Fixxxer Posted August 8, 2012 Posted August 8, 2012 Cool, I just found out the guy with the poor english pronunciation (Miguel San Martín) is argentine. This guy
ajzepp Posted August 8, 2012 Posted August 8, 2012 Holy crap I had no idea it was that big (that's what she said)
K-9 Posted August 8, 2012 Posted August 8, 2012 I guess a 2.5 bil space mission is worth its price. Most exciting mission since Apollo. My question to a rocket scientist would be. Why couldn't one of those tethers on the space craft that dropped the rover moved over a few miles after the drop, scopped some martian rocks and brought them back to a safe parachute landing in a ocean back here on Earth. You would think they could have pulled that off for maybe another billion. My first guess is that a 300,000,000 mile round-trip mission is a tad more complicated than a 150,000,000 mile one-way trip. That's just for starters.

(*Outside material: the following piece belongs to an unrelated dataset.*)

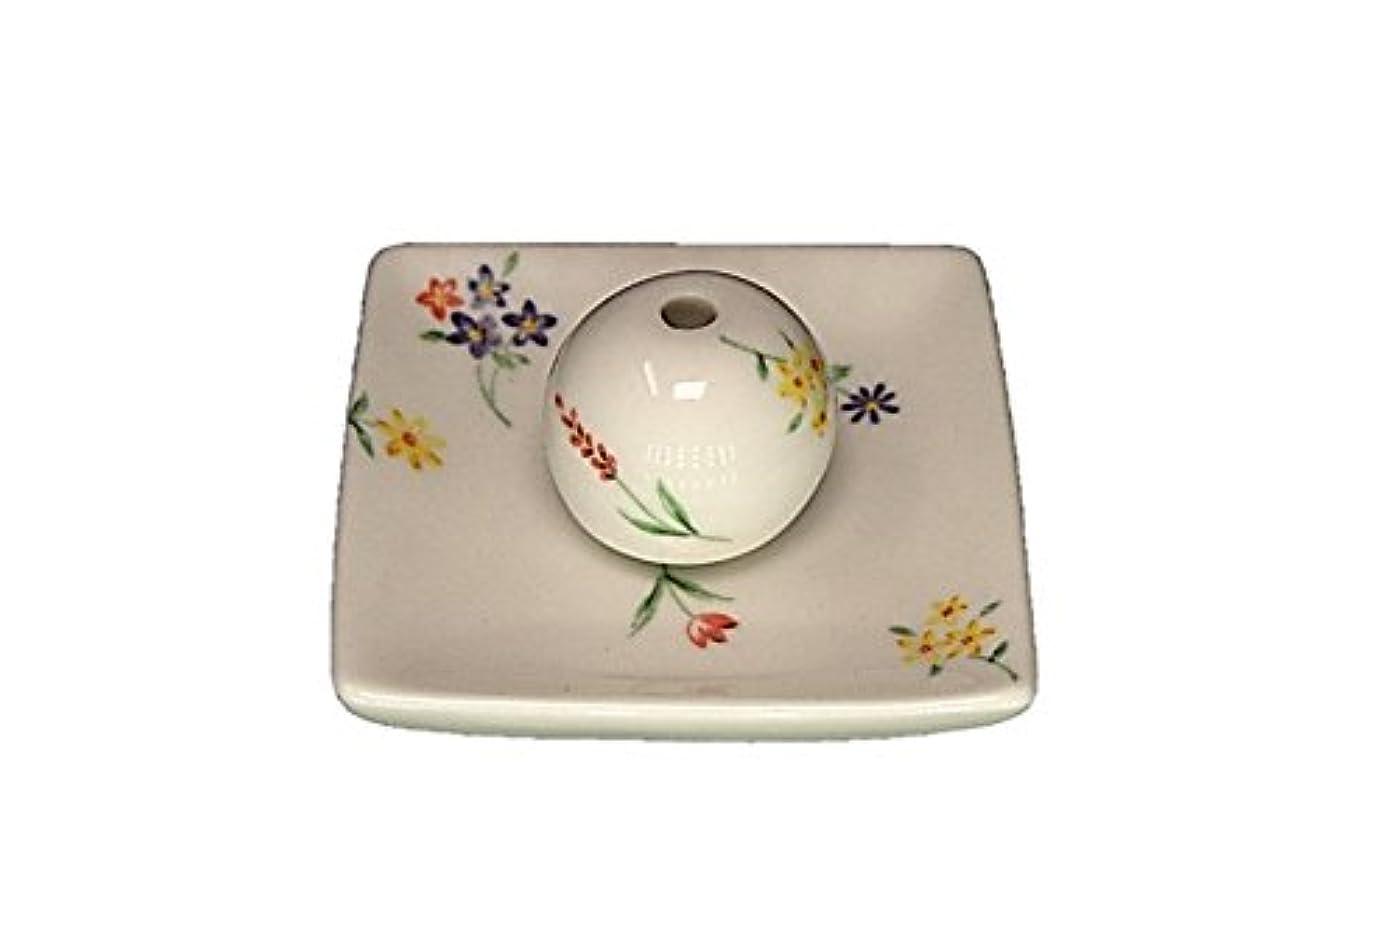 支払うマネージャー率直なブーケ 小角皿 お香立て 陶器 製造 直売
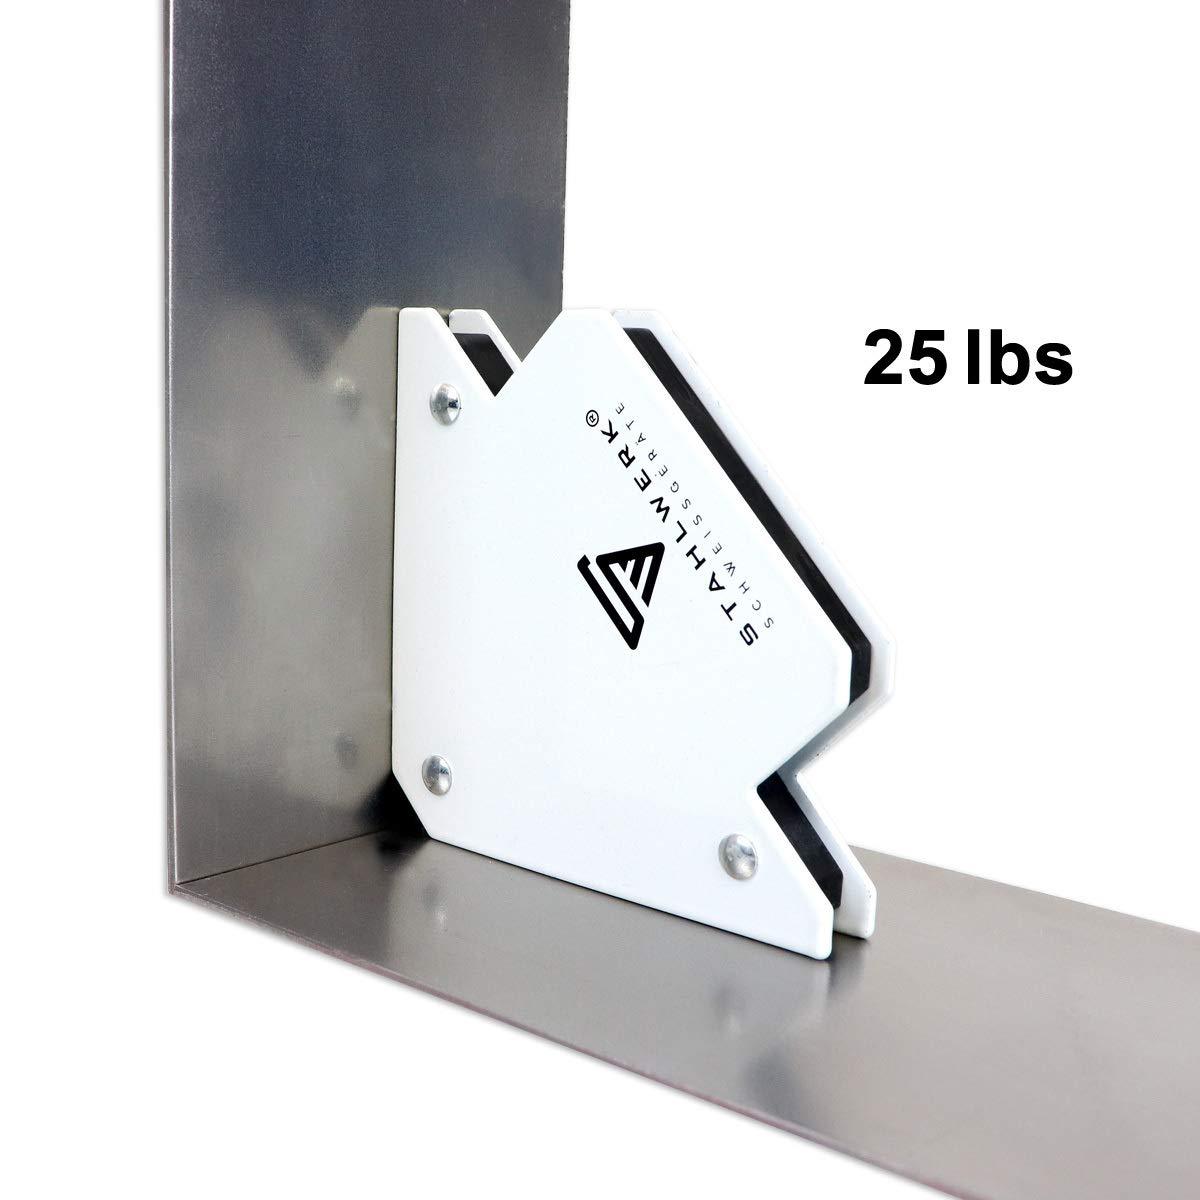 Stahlwerk Aimant de masse commutable jusqu/à 200 A pour c/âble de soudure charge jusqu/à 200 A pince de terre magn/étique qui apporte de la masse /à chaque pi/èce magn/étique

Wacka Posted August 8, 2012 Posted August 8, 2012 They said that the holes in the treads spell out "JPL" in morse code! If they see tracks without that then something is wierd!
DrDawkinstein Posted August 24, 2012 Posted August 24, 2012 Curiosity rover landing: This time in HD That is friggin awesome
/dev/null Posted September 18, 2012 Author Posted September 18, 2012 Solar Eclipse, Martian style: http://cosmiclog.nbcnews.com/_news/2012/09/15/13884492-martian-moon-bites-into-the-sun
dib Posted September 18, 2012 Posted September 18, 2012 There is a fear that one of the probes may be contaminated with Earth microbes, and NASA almost hopes that the rover doesnt discover water with the contaminated probe.
Fan in San Diego Posted September 18, 2012 Posted September 18, 2012 There is a fear that one of the probes may be contaminated with Earth microbes, and NASA almost hopes that the rover doesnt discover water with the contaminated probe. They only think of this now?
dib Posted September 18, 2012 Posted September 18, 2012 Unfortunately yes. Nasa is afraid the microbes will contaminate the Martian soil in the presence of water. Ray Bradbury is smirking somewhere. Unfortunately yes. Nasa is afraid the microbes will contaminate the Martian soil in the presence of water. Ray Bradbury is smirking somewhere.